Tight oil is a unconventional oil that is found in reservoirs with very low permeability.
The inflation that the Fed has proposed as the reason behind interest rate moves is an invention of a fertile mind with a underlying desire to have a hand on the economic levers to achieve an unstated political goal.
Zero interest rates are not necessary as the economy ramps up. When the next recession hits, we need a means to spur the economy again and can’t do it if interest rates are too low. We need a cushion to ease the next recession, IOW.
“When the next recession hits, we need a means to spur the economy again and cant do it if interest rates are too low.”
As a junior member of the seasoned set (age 64 next month and still in the workforce), there’s no doubt that the zero rate had bad effects on those seeking savings and investment returns. I’ll also agree with the stated “cushion” concept as it gives a place to go in a recession pinch. These reasons were viable long before the choice was made to implement upward moves so you have to question what changed. I’ve already state my opinion on that.
I suspect that tight is still less expensive to extract than shale. It surprises me. I grew up in Carlsbad and played in the deserts around there. I havent be back in a long time but I love to check Google Earth for places I loved as a boy. I thought there were a number of oil wells in the area growing up but what is there now is ridiculous.
These reasons were viable long before the choice was made to implement upward moves so you have to question what changed.
Strategic thinking or response to political pressure? The only faction I can think of pushing for higher rates would be savers and bond holders. And who cares what they think?
So instead of oil being in just a few places, there is actually oil EVERY WHERE as the biomass of the trees and all the air breathing creatures was what created most of the oil, natural gas and coal deposits.
Also there are many ways to synthesize oil from various bio matter. Even Hitler was able to make gasoline from Germany massive coal fields as the Allies bombed out all his external oil sources.
Hmmm...mixing Fed talk and fracking I see.
IMHO ZIRP was meant to stimulate a weak economy. Our economy is no longer weak...its record setting strong. The Fed correctly is concerned about inflation. We who lived through the inflation of the Carter years understand that danger.
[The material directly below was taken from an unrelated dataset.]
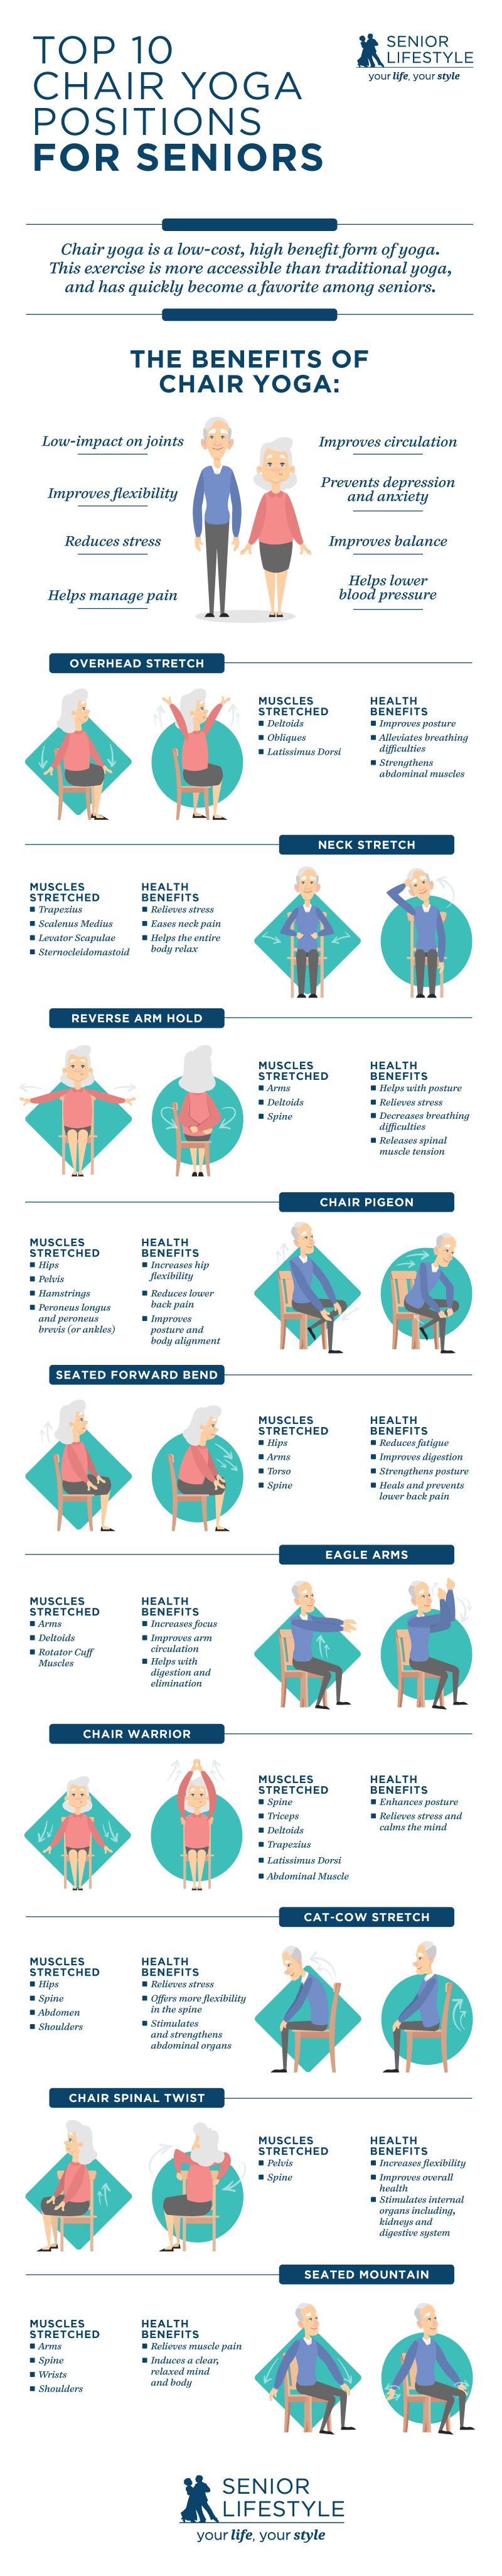 benefits of chair yoga for seniors

The Fed wants to get to neutral, which doesnt put on either the gas pedal or the brakes to the economy but they are just guessing as to where that might be. Too many global moving parts to ever really know.
Regarding Shale, the article is correct that if oil prices are low less of the shale will be recovered but that isnt the whole story. IF it were necessary to get that tighter shale out IT IS STILL THERE and we can get it. That is the main thing.
Tongue n cheeky - just a bit.
Kinda what I figured, both on the economic and political side of the equation.
My interest is a realistic assessment of both our technical ability and the economic feasibility of accessing those oil deposits cited in the article.
My immediate impression was that 1.) the amount of recoverable oil is greatly exaggerated; and 2.) while technically feasible, the economic reality is that, at current market prices, the ROT is either break-even or a negative. IOW, even though we have all this oil, it will cost too much to recover - so we really do not have it; and thus the government, as usual, is neck-deep in the brown stuff - and I don’t mean oil.